Portées par l’optimisme de l’après-guerre et l’énergie du rock’n’roll, les années 50 et 60 étaient obstinément tournées vers l’avenir. Cet élan positiviste a exorcisé les créatures de la nuit issues du folklore. Mais, au mitan des années 70, Stephen King a brisé la trêve que le XXe siècle avait conclue avec les peurs ancestrales. Le retour du refoulé était attendu: ses livres se sont vendus à plus de 350 millions d’exemplaires à travers le monde.

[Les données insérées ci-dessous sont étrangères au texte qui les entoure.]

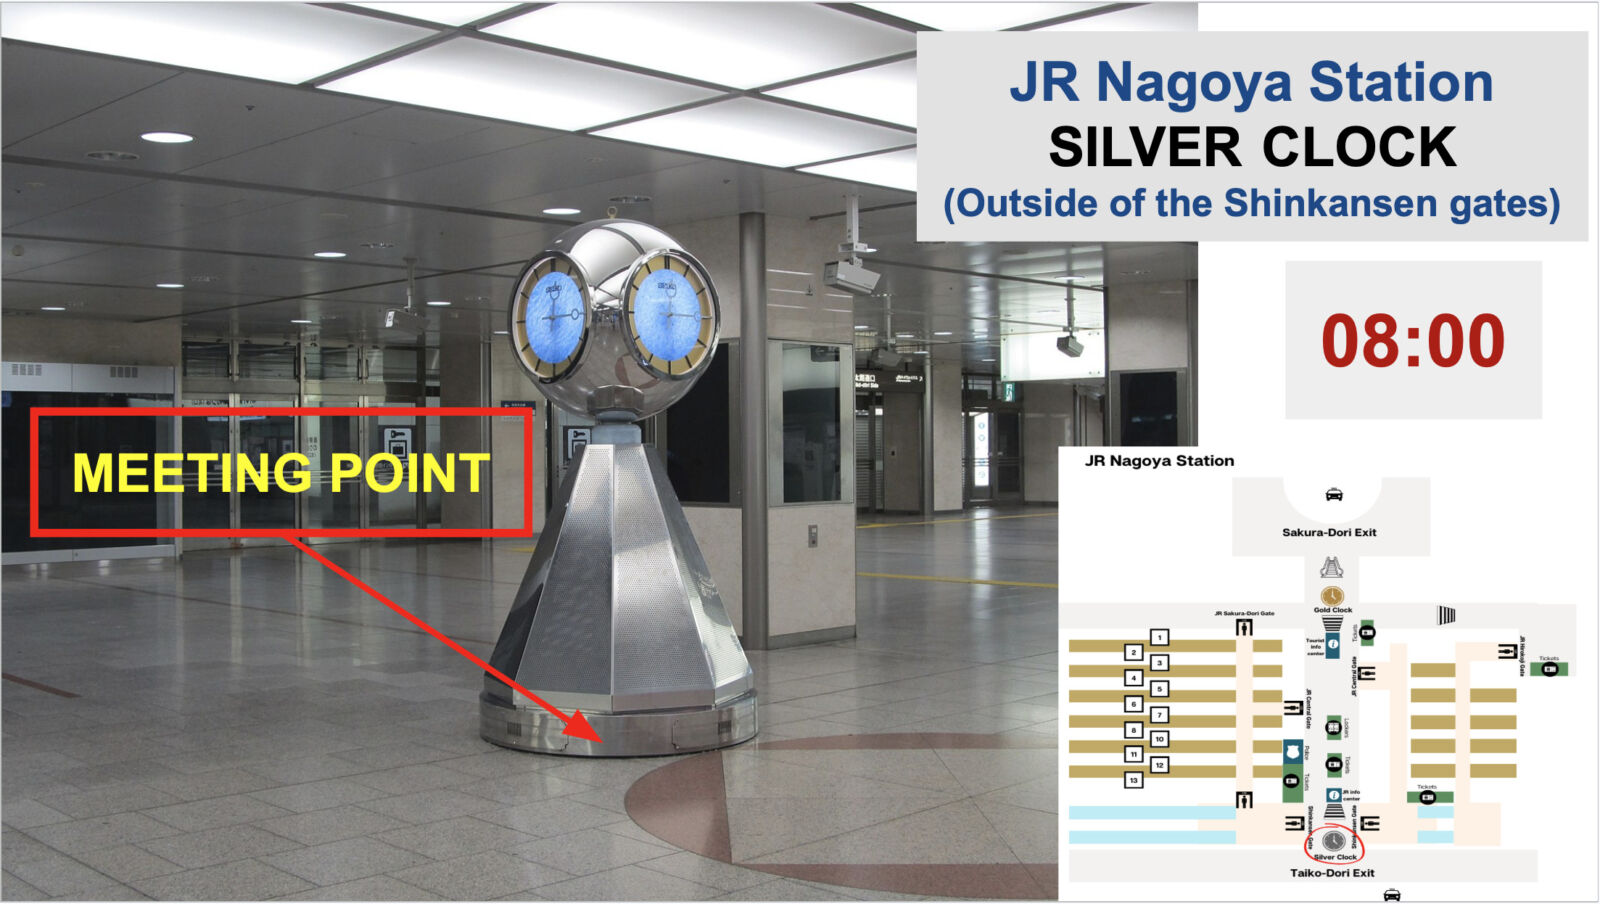 8:00 meeting spot is the Silver Clock towner in JR Nagoya Station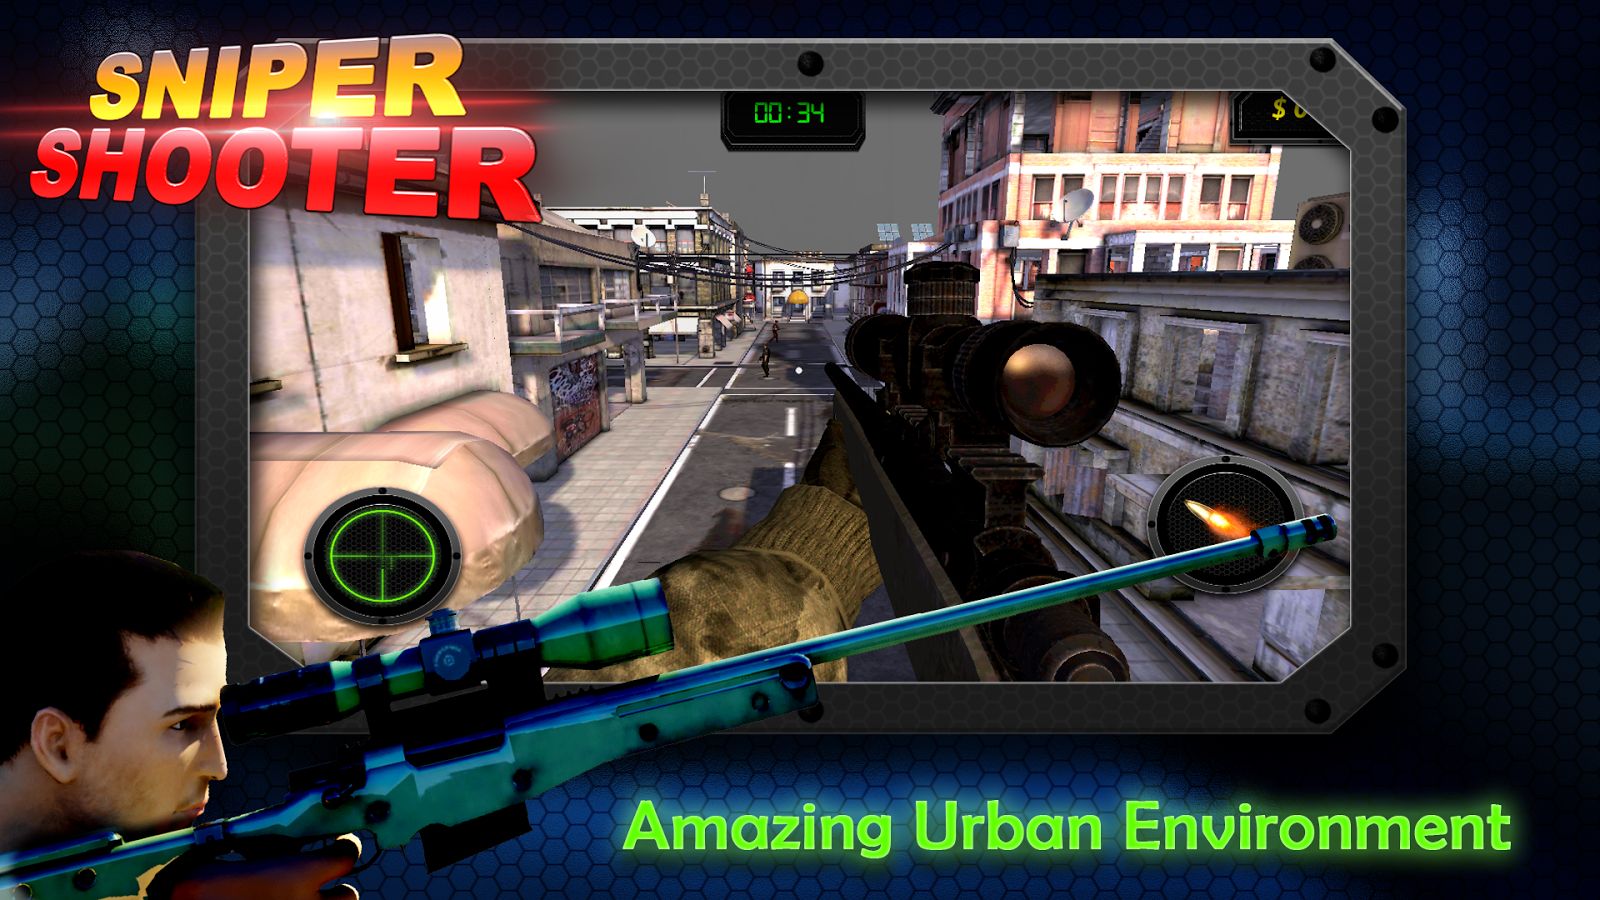 Sniper Shooter: The whole city is on fire, you have a mission to clear the  city with deadly gun

Né en 1947, à l’aube de la Guerre froide, Stephen King estime que sa génération formait «le terreau idéal pour les graines de l’horreur. Nous avons été élevés dans une étrange atmosphère foraine faite de paranoïa, de patriotisme et d’orgueil national.» Perpétuant une tradition littéraire naturaliste, l’écrivain a réformé en profondeur les codes du fantastique et de l’horreur. Ses récits sont ancrés dans l’Amérique contemporaine. Les objets domestiques (une voiture dans Christine), les figures familières (un chien dans Cujo) peuvent être possédés par l’esprit du Mal. L’histoire sanglante de l’Amérique engendre des revenants aussi coriaces que la mauvaise conscience. Enfouis sous les banlieues résidentielles, les cimetières indiens exhalent leurs spectres…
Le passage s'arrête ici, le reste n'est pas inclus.